Regulation as consumer protector makes sense to a point but is an economic double edged sword for sure. It’s difficult to have ones cake and eat it too.
It’s unclear what the “other edge” would be here. If it’s “cost”, then we must also factor the price of living in a society and the actuarial costs of life, limb, and property lost from the absence of regulation. After all, a life insurance policy can’t replace life.
By regulation, it might not only standardize battery tech and basic form factors as they mature (I’m thinking about Li-Po at the moment, but sodium-based storage coming online also applies), but it may also promote more stringent quality controls to be passed before a product is certified safe for use by the general consumer — whether nationally, multi-partite, or worldwide.
If anywhere there’s a strong case and sector to benefit right now from industry-wide, ISO-level technical standards and consumer-oriented regulation, it’s in rechargeable lithium tech and its ubiquity across everything from
automobiles to laptops to
pedelecs to
phones to
energy storage systems to vaping devices to
entire transport vessels transporting high concentrations of Li-Ion-based product.
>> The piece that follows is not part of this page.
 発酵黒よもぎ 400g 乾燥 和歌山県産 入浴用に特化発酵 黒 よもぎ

At the moment, most of these rely on Li-Ion, not Li-Po or more recent lithium storage modes. To enact regulation is to hold manufacturers liable for established safety standards (as well as certifications, e.g., Underwriters Laboratories, granted for engineering to even higher standards). These carry over to improved quality control, so long as that regulation is checked and enforced internationally, nationally, and locally.
The
tl;dr point, of course, is industry compliance and international regulation is not only a way to reduce loss of life, limb, and property, but also to vet and standardize how to handle that energy storage medium in a way which is open, replicable, and certifiable as safe at all steps in expected handling and usage circumstances. Standardization and regulation, as with other areas, can improve competition and innovation around adjacent components. They can reduce proprietary, un(der)regulated products from being rushed to consumer use before a designer/manufacturer has certified overall safety (replete with established protocols for containment under typical circumstances in not just manufacturing, but also packaging, transporting, consumption, recharge, disposal, and so on).
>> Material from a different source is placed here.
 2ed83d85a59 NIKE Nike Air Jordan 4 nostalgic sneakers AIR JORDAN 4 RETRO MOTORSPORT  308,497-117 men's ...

As it is, standardization and industry regulation, beyond the fairly localized level, has mostly eluded lithium energy storage in ways which don’t tend to fly with other concentrated energy media known to harm life when left poorly regulated in extraction, refinement, transport, storage, and containment. These includes not only petroleum, but also fissile ores and the handling of hydrogen for fuel cell applications.
(If it isn’t apparent somehow, I’ve not been happy about lithium tech being played fast and loose for as long as it has.)